The following essay is reprinted with permission from The Conversation, an online publication covering the latest research.
People have been asking why space is dark despite being filled with stars for so long that this question has a special name – Olbers’ paradox.
Astronomers estimate that there are about 200 billion trillion stars in the observable universe. And many of those stars are as bright or even brighter than our sun. So, why isn’t space filled with dazzling light?
I am an astronomer who studies stars and planets – including those outside our solar system – and their motion in space. The study of distant stars and planets helps astronomers like me understand why space is so dark.
You might guess it’s because a lot of the stars in the universe are very far away from Earth. Of course, it is true that the farther away a star is, the less bright it looks – a star 10 times farther away looks 100 times dimmer. But it turns out this isn’t the whole answer.
Imagine a bubble
Pretend, for a moment, that the universe is so old that the light from even the farthest stars has had time to reach Earth. In this imaginary scenario, all of the stars in the universe are not moving at all.
Picture a large bubble with Earth at the center. If the bubble were about 10 light years across, it would contain about a dozen stars. Of course, at several light years away, many of those stars would look pretty dim from Earth.
If you keep enlarging the bubble to 1,000 light years across, then to 1 million light years, and then 1 billion light years, the farthest stars in the bubble will look even more faint. But there would also be more and more stars inside the bigger and bigger bubble, all of them contributing light. Even though the farthest stars look dimmer and dimmer, there would be a lot more of them, and the whole night sky should look very bright.
It seems I’m back where I started, but I’m actually a little closer to the answer.
Age matters
In the imaginary bubble illustration, I asked you to imagine that the stars are not moving and that the universe is very old. But the universe is only about 13 billion years old.
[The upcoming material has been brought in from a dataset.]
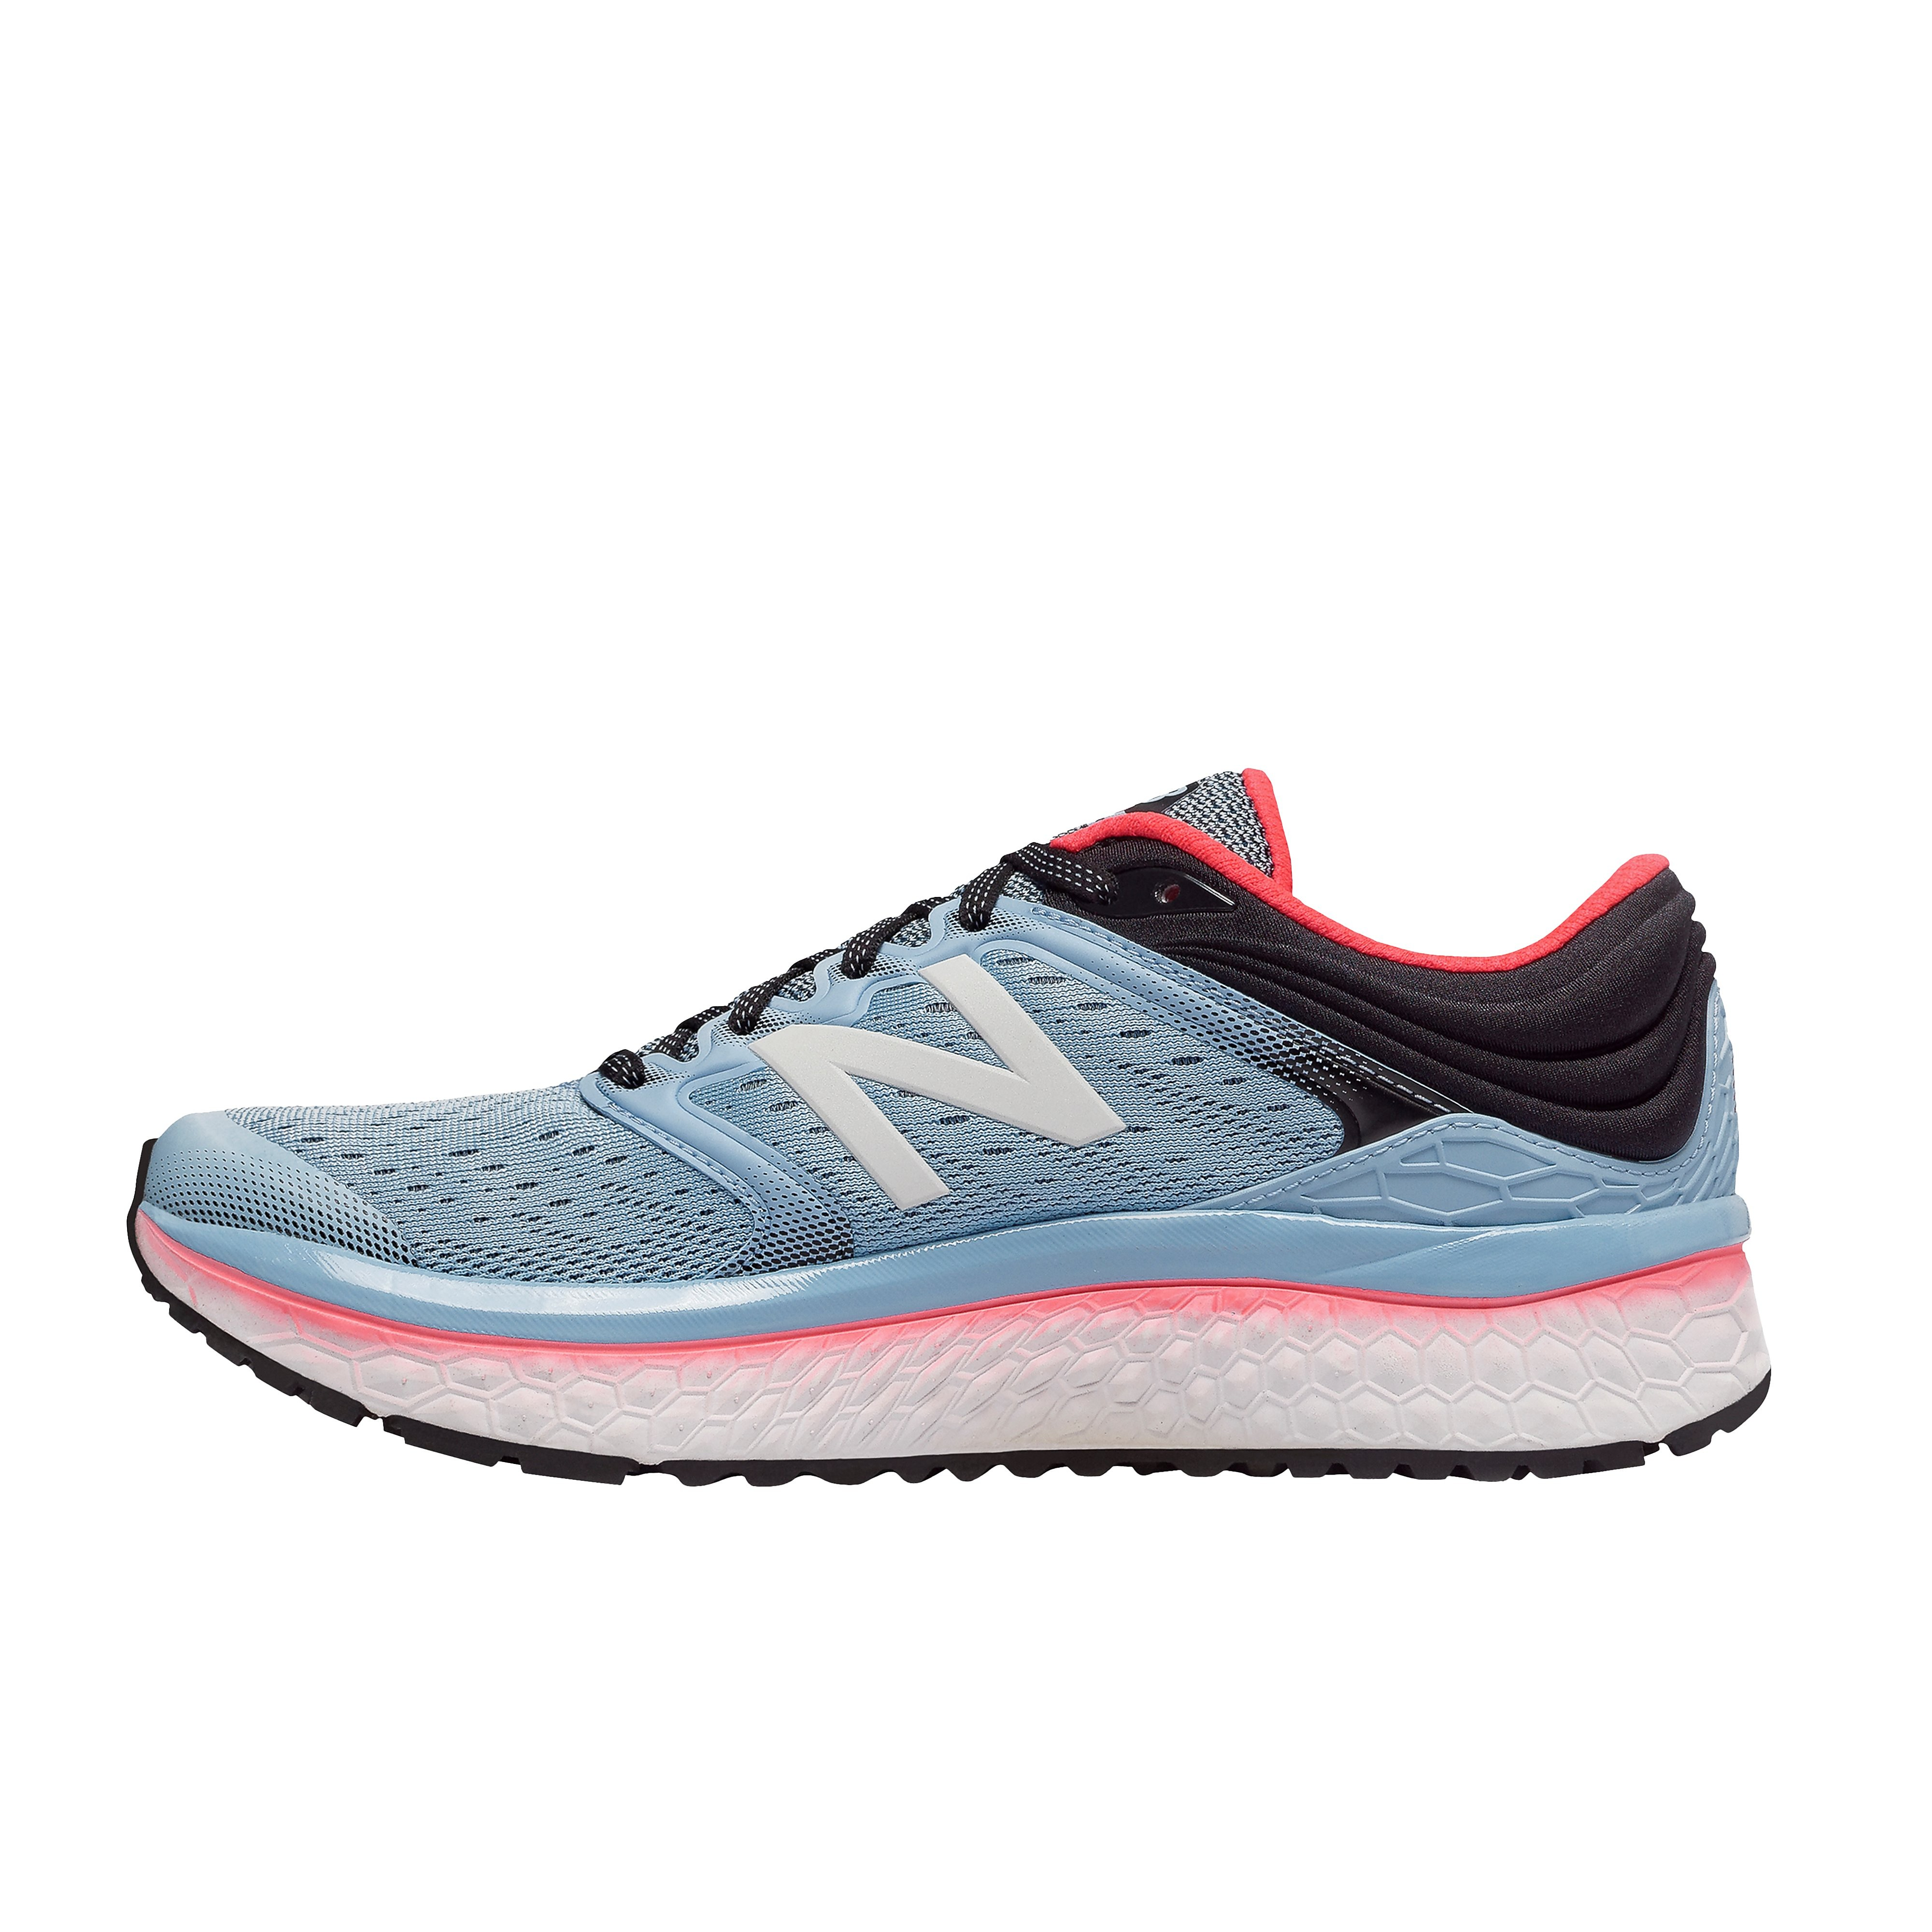 Women's New Balance Fresh Foam 1080v8 Running Shoes - Blue, Blue

Even though that’s an amazingly long time in human terms, it’s short in astronomical terms. It’s short enough that the light from stars more distant than about 13 billion light years hasn’t actually reached Earth yet. And so the actual bubble around Earth that contains all the stars we can see only extends out to about 13 billion light years from Earth.
There just are not enough stars in the bubble to fill every line of sight. Of course, if you look in some directions in the sky, you can see stars. If you look at other bits of the sky, you can’t see any stars. And that’s because, in those dark spots, the stars that could block your line of sight are so far away their light hasn’t reached Earth yet. As time passes, light from these more and more distant stars will have time to reach us.
The Doppler shift
You might ask whether the night sky will eventually light up completely. But that brings me back to the other thing I told you to imagine: that all of the stars are not moving. The universe is actually expanding, with the most distant galaxies moving away from Earth at nearly the speed of light.
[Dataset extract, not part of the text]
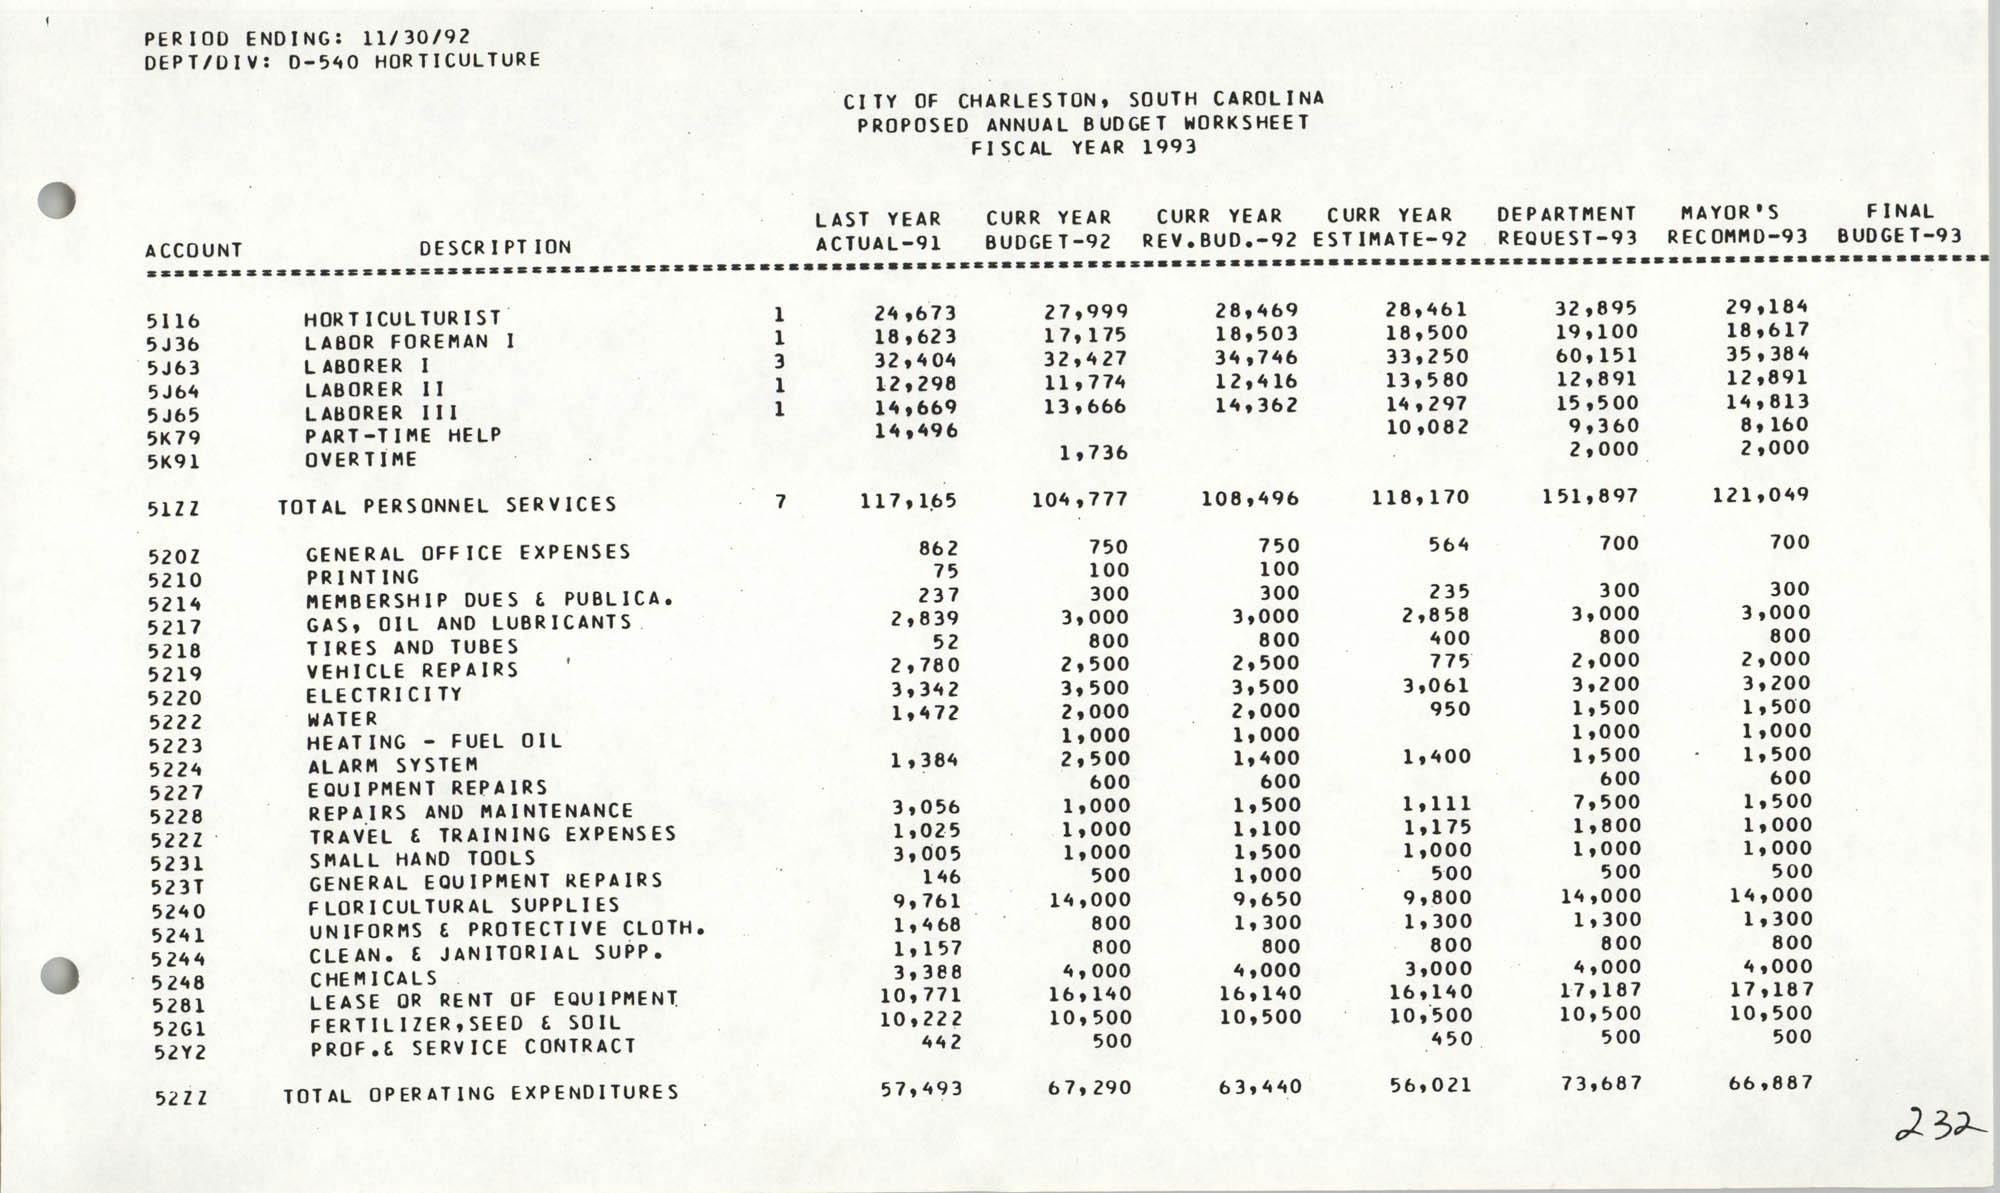 The City Council of Charleston, South Carolina, 1993 Budget, Page 232

Because the galaxies are moving away so fast, the light from their stars is pushed into colors the human eye can’t see. This effect is called the Doppler shift. So, even if it had enough time to reach you, you still couldn’t see the light from the most distant stars with your eyes. And the night sky would not be completely lit up.
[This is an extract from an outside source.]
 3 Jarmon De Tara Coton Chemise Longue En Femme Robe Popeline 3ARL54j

If you wait even longer, eventually the stars will all burn out – stars like the sun last only about 10 billion years. Astronomers hypothesize that in the distant future – a thousand trillion years from now – the universe will go dark, inhabited by only stellar remnants like white dwarfs and black holes.
Even though our night sky isn’t completely filled with stars, we live in a very special time in the universe’s life, when we’re lucky enough to enjoy a rich and complex night sky, filled with light and dark.